A driving device as claimed in claim 1,
c h a r a c t e r i s e d in that the drive unit (10) acts on the drive axle (9) in the area between the driving wheels (3').
A driving device as claimed in claim 1 or 2,
characterised in that the drive unit (10) comprises two output shafts which are concentric with the drive axle (9).
A driving device as claimed in any one of the preceding claims, characterised in that the drive unit (10) comprises a hollow shaft and the drive axle (9) is formed in one piece.
A driving device as claimed in any one of the preceding claims, characterised in that the drive unit is a hydraulic motor (10).

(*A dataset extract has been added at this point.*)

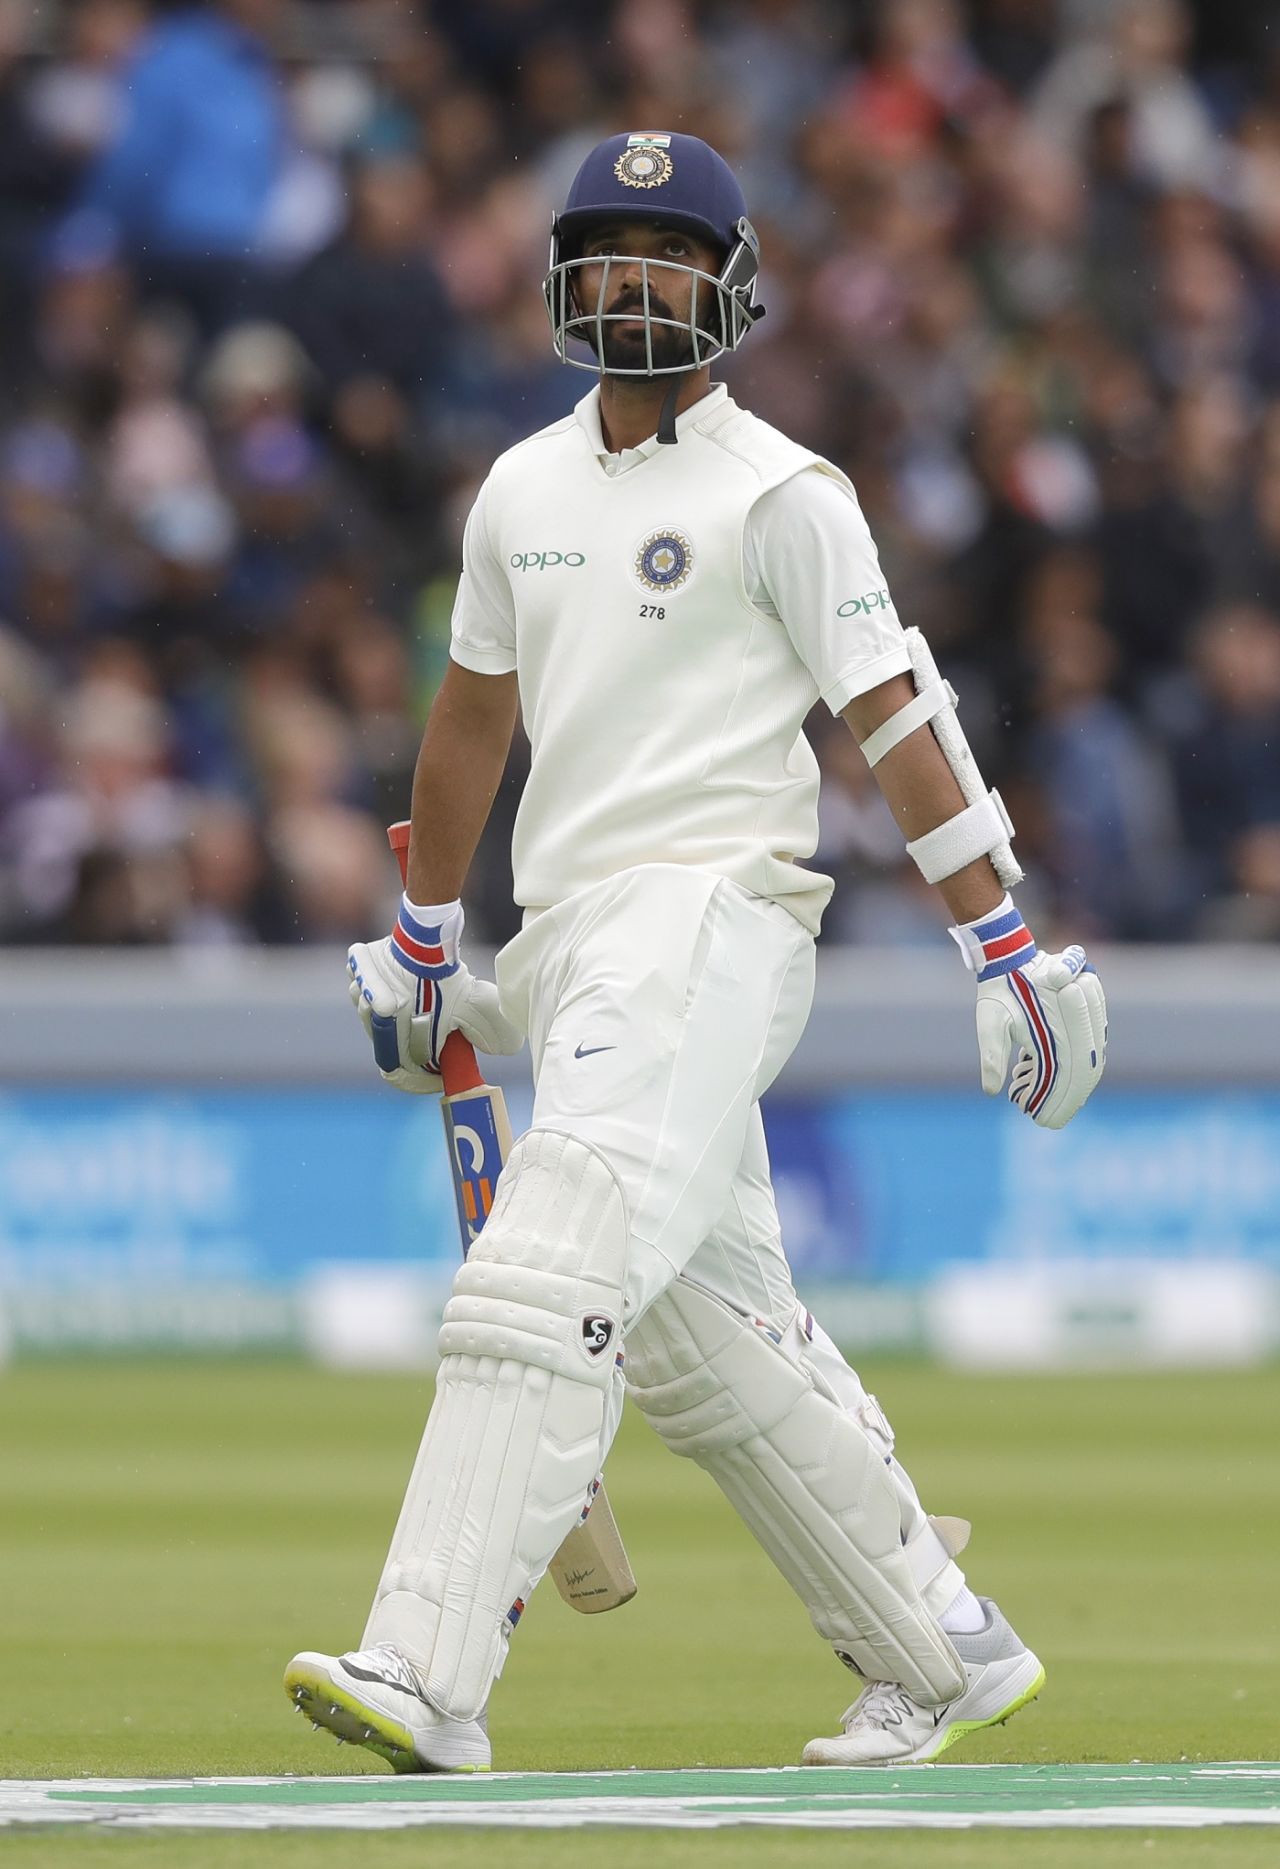 Ajinkya Rahane walks back after being dismissed by Stuart Broad, England vs India, 2nd Test, Day 4, Lord's, August 12, 2018

A driving device as claimed in any one of the preceding claims, characterised in that the hydraulic motor is a radial piston motor (10).
A driving device as claimed in any one of the preceding claims, characterised in that the support shafts (6) are supported by a supporting chassis of the rail vehicle, the supporting chassis parts (8) being located in the area inside the driving wheels (3').
A driving device as claimed in any one of the preceding claims, characterised in that the drive axle (9) extends through the support shafts (6) without being in contact with and supported by the same.